DAP focuses on the Python programming language, leveraging Anaconda ( https://anaconda.org/) for environment management and Snakemake ⁷ for workflow management. DAP also uses direnv ( https://direnv.net/) to update PATH variable with useful shortcuts. DAP creates two main folders to structure the project: a “workflow” folder, with code and configuration files, and a “workspaces” folder, with different project “versions”. DAP “versions” fulfill similar goals as DSO/DVC commits do. Each version of the project is a different workspace folder, which contains symbolic links to a specific (sub) set of files in the “workflow” folder for this specific “version” of the project. A DAP project also uses Git ( https://git-scm.com/) to provide overall version control. Similar to DSO, by laying out different versions of the same project next to each other, DAP also promotes a “state-based” workflow of sorts. When changes to workflows are required, the whole project is copied over, edited, and preserved alongside older copies.

While this is indubitably valuable if one often needs to refer to previous versions of the project, we believe it adds an additional layer of complexity in file and folder structure. This is especially due to the extensive usage of symbolic links, references and other opaque techniques that, while increasing development speed, might hinder the accessibility of the project to new collaborators or reproducers.

Issues and limitations

Kerblam! is a command-line tool. This means that experience with command line tools is required to use it. This is indeed quite an obstacle when approaching researchers not trained in computer science, as the real and perceived complexity of the command line triggers repudiation of the whole practice. The development of a graphical user interface, as well as interactive and accessible training materials may help surmount this barrier.

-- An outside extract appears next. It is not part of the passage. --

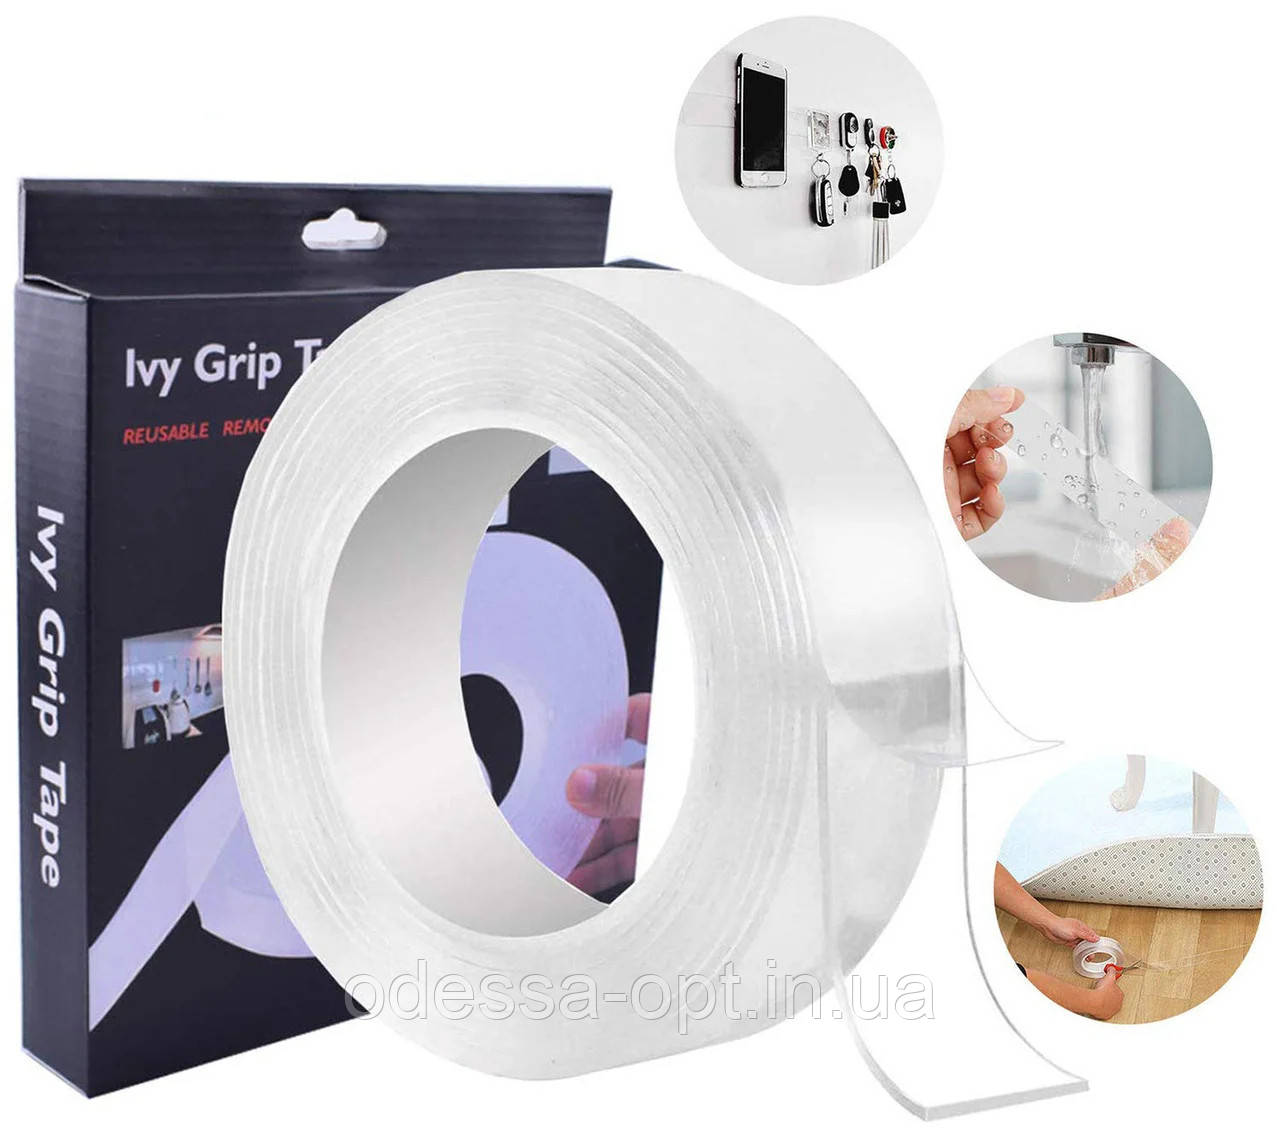 Ivy Grip Tape 1m (120)

Similarly, the usage of Git from the command line may incur the same issues. Fortunately, many graphical interfaces to Git exist. The Git website hosts a list of them, divided by operating system: https://git-scm.com/downloads/guis.

While external dependencies were kept at a minimum, the installation of Kerblam! still requires the user to autonomously install other tools, such as Git and Docker. This might provide additional friction when beginning to use the tool. Methods to completely overcome these issues are unclear.

Availability

Kerblam! is a free and open-source software available on GitHub at https://github.com/MrHedmad/kerblam. It is written in Rust and may be compiled to support GNU/Linux-flavored operating systems, MacOS, and Windows. Alternatively, GitHub releases provide precompiled artifacts for both operating systems. The full documentation of Kerblam! is available at https://kerblam.dev. Active support for Kerblam! and its development are guaranteed for the foreseeable future.

Conclusions

Structuring data analysis projects is a personal matter that is heavily dependent on the preferences of the individuals who conduct the analysis. Nevertheless, best practices arise and can be individuated in this fragmented landscape.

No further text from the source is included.